I ended up using a service because I was going bonkers. Seriously. The ‘directions’ for both Solr and Elastic are really terrible. They go in with some assumptions that you’ve done similar things (haven’t) and don’t have what I would call an ‘intro doc.’ Solr I got a lot further than Elastic, but WP integration was weird. And Elastic … No.

Installing it was weirdly easy. The problem was I could not find any information about configuring it. People say “You must secure it.” Okay, sure, I can do that… But no one sat and explained why you want the nodes, what they do together, why you want them on separate servers (or even that you do) and .. Honestly I wanted to throw my laptop out the window.

It does, mind you, bring up an important note. Search storage and Elastic services are expensive. Even Jetpack, who offers a bundled Elasticsearch integration (yes, that’s what Jetpack Search is) would cost a site with 10,000 posts around $600 a year. Even using Amazon’s Elasticsearch it’s going to run you a lot. How much? Well if you just toss in their defaults and accept the large settings, it’s to the tune of $22 a day. Give or take. Small settings for my site? Around $8 a day.

ElasticPress (whom I do recommend if you’re using Elastic) starts at $79 a month. Jetpack’s new search is free for small sites, but for mine (again, we’re over 10k posts) it would begin at $60.

Algolia though … 12k records is about $3 a month. And it’s all search.

Enter Algolia

The name meaning delights me:

inability to speak due to mental deficiency or a manifestation of dementia.

Because when you are searching, you often feel like you’re losing your mind and you have a problem. Search is hard okay? There’s a reason AltaVista, Lycos, Yahoo, and now Google are important. Searching is crazy weird and hard and sometimes it’s faster to go “lezwatchtv ACTOR NAME” than to search on our site.

That was not good at all.

Algolia is one of the more straightforward setups I’ve had in a while.
1. Register on algolia.com
2. Spin up a new app
3. Install WP Search with Algolia
4. Add in your keys
5. Tell it what to search
6. Tell it if you want auto-complete
7. Tell it if you want a new search-result page
8. Index
9. Done
Oh you know there’s a little more.

Reducing Records

I decided to make my records smaller.

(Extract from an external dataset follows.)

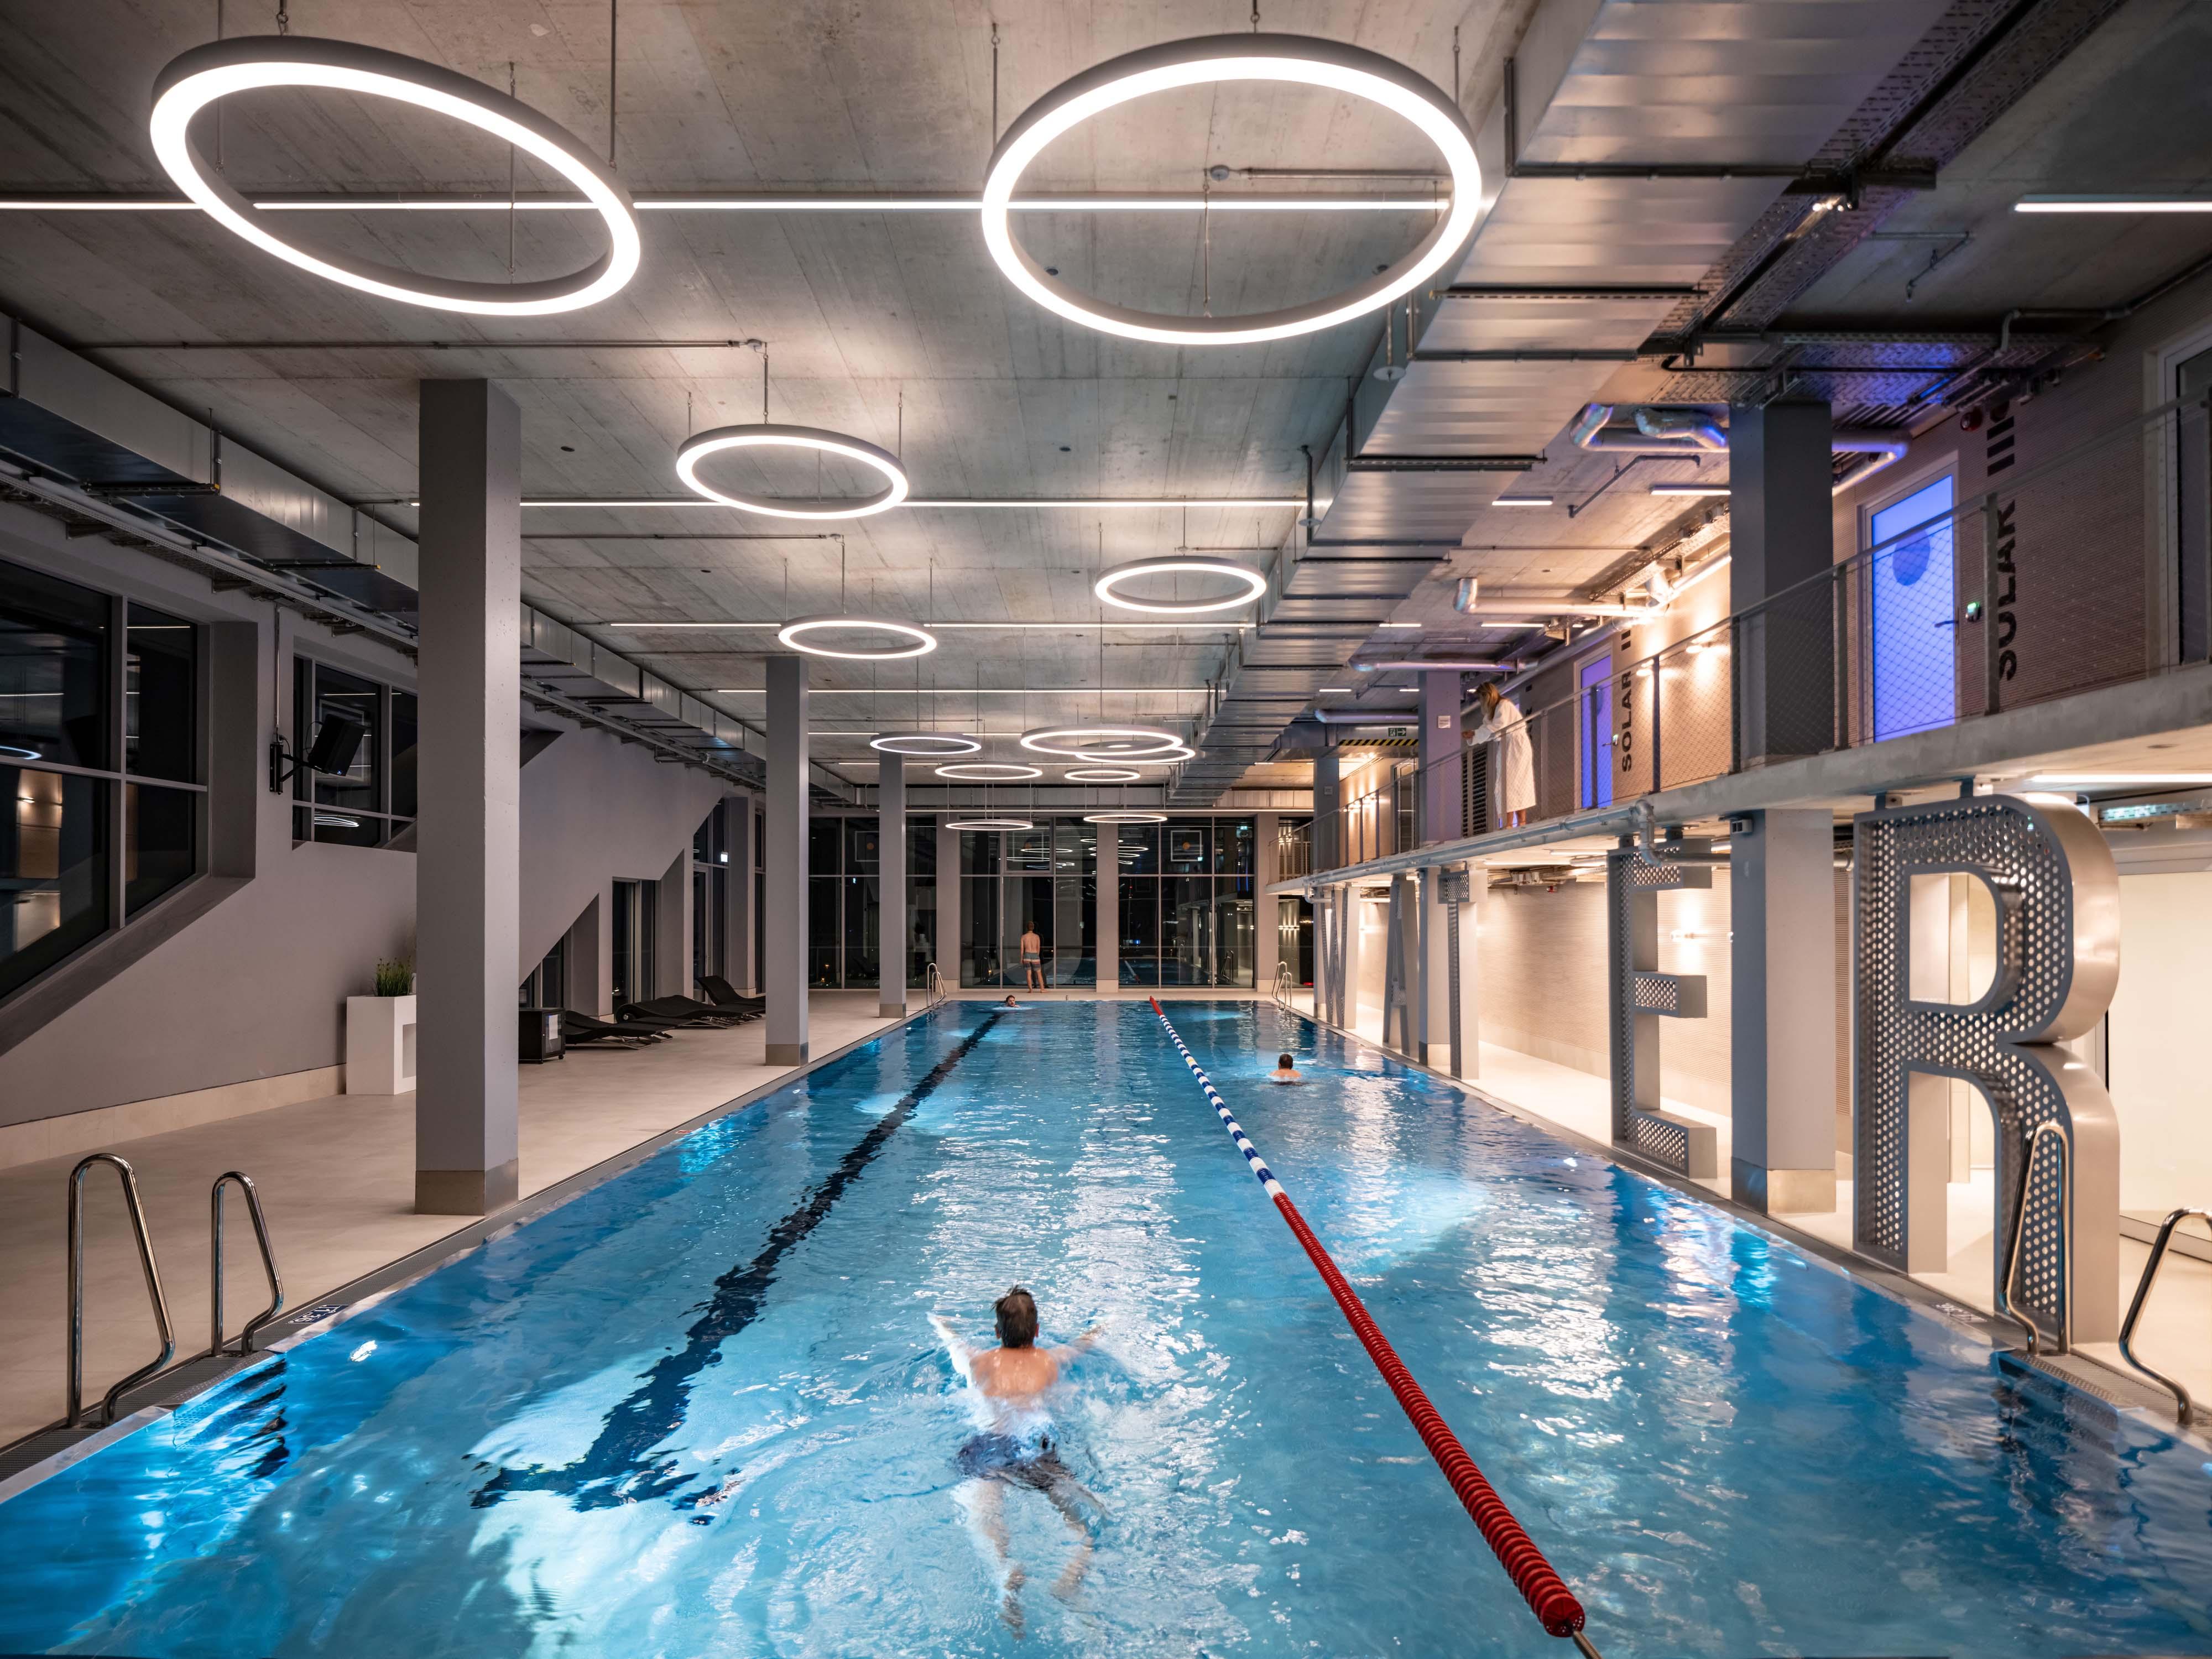 <p>De gehele derde verdieping is gereserveerd voor een zwembad, dat zwemmers uitzicht biedt over de stad beeld Ossip van Duivenbode</p>

Algolia only cares about the number of records, not the size, as long as each record is under 10k. I have a lot of meta data and a lot of records. If I was to index everything, I’d be around 15k records, which isn’t bad but I really only needed about 12k of them.

One of the odd things the plugin does is that it uses separate indexes for Auto-Complete. So I could store all my searchable posts and all my shows, characters, etc etc. Which would make for 50k records, and I didn’t want that. Sure it makes some aspects of search easier, but I knew I could do this a better way.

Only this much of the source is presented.